MARY MORELLI, CLAIMANT-APPELLEE, vs. GENERAL ELECTRIC COMPANY, EMPLOYER and ELECTRIC MUTUAL LIABILITY INSURANCE COMPANY, INSURER, RESPONDENTS-APPELLANTS

CASE NO. 296 CRD-6-84Workers’ Compensation Commission
JULY 15, 1985

The Claimant-Appellee was represented by Robert B. Halloran, Esq.

The Respondents-Appellants were represented by Edward S. Downes, Jr., Esq.
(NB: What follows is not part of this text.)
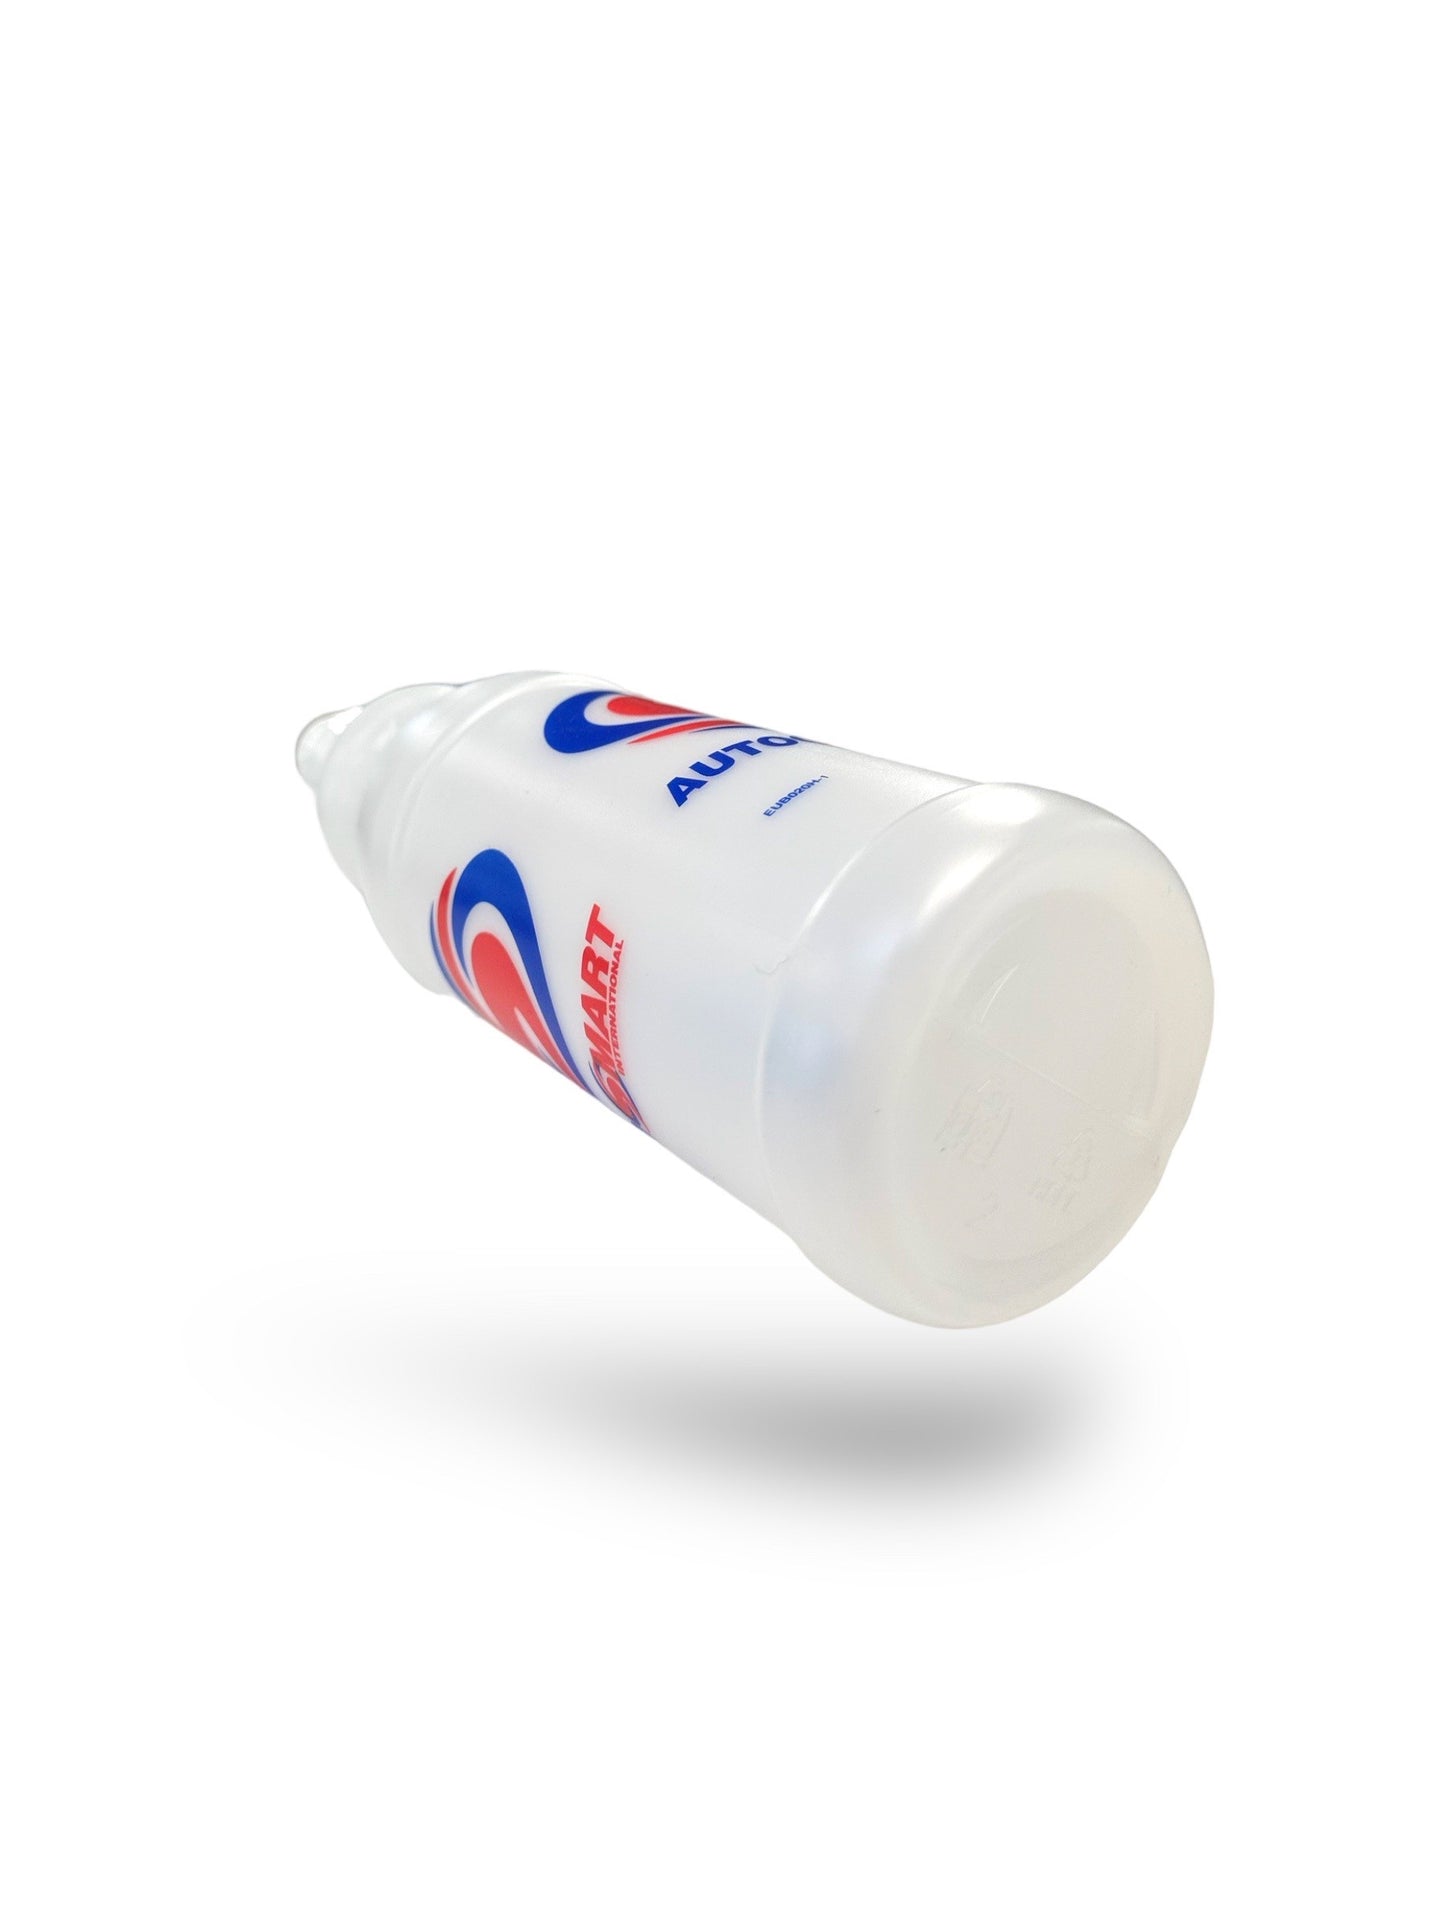 500ml Polish Bottle DispenserAutosmart Polish Bottle Dispenser is sized for maximum ergonomics while dispensing liquids for ease of use. It's HDPE plastic is resistant to most detail chemicals. Included with a push pull cap, this enables product to be sea

This Petition for Review from the December 30, 1984 Finding and Award of the Commissioner for the Sixth District was argued May 31, 1985 before a Compensation Review Division panel consisting of Chairman, John Arcudi, and Commissioners Gerald Kolinsky and Frank Verrilli.

OPINION

GERALD KOLINSKY, Commissioner.

The Respondent-Appellant is here appealing a Sixth District award. Claimant-Appellee during the course of her employment with respondent on December 29, 1978 mixed two solutions together in a bucket from which noxious fumes were emitted causing her difficulty in breathing and coughing. A fellow employee, designated as “first aid” attendant, brought the claimant out into the fresh air and observed her for about forty-five minutes; he offered to take her to the hospital, but she refused.

The first aid man then described the incident in a medical case record which he placed on the desk of the claimant’s supervisor. This form was apparently lost or misplaced, and on August 15, 1979 the first aid man completed another such form.

In April, 1979, the claimant noticed a strange taste in her mouth and sought medical attention. Her physician concluded that her senses of smell and taste had been permanently damaged, and wrote a report to such effect on December 11, 1979, which report the claimant delivered to the medical department of the Respondent-Employer on December 12, 1979. The Respondent-Insurer issued a notice of denial of liability on December 31, 1979.

The Commissioner found that the medical case record of August 15, 1979, together with actual knowledge of the claimant’s medical problem constituted notice of a claim for compensation in accordance with 31-294, C.G.S. and awarded compensation benefits to the claimant. From such award, the respondents have appealed, contending that 1) the claimant herself never made a written notice of claim for compensation as required by 31-294, C.G.S. and 2) that the first aid man rendered no treatment which qualifies as one of the exceptions in 31-294, C.G.S., and therefore the claimant’s claim is barred. Claimant contends that she received medical care for her condition, which falls within one of the exceptions to the 31-294 requirement of written notice, and further that the August 15, 1979 medical case record constitutes the requisite statutory written notice.

The Commissioner’s Finding and Award fails to find whether claimant’s disability resulted from an accidental injury or an occupational disease, under 31-275(8) and 31-275(11), C.G.S.; neither does it disclose whether or not the so-called first aid man was authorized by the employer to provide medical care, and whether the attention given the claimant immediately following the incident at work constituted the furnishing “for the injury with respect to which compensation is claimed, with medical or surgical care . . .” so as to obviate the necessity of notice of claim by the claimant.

In the event claimant’s disability is as a result of an occupational disease, the statutory notice commences to run from the first manifestation of a symptom of such occupational disease, and the claim may be made within three years of such first manifestation (31-294, C.G.S.). If an accident, then notice must have been made within one year from the date thereof, unless “an employee has been furnished, for the injury with respect to which compensation is claimed, with medical or surgical care . . .”

The Finding and Award of the Commissioner is vacated, and this case is Remanded for further Findings in accordance with this opinion.

Chairman John Arcudi and Commissioner Frank Verrilli concur in this opinion.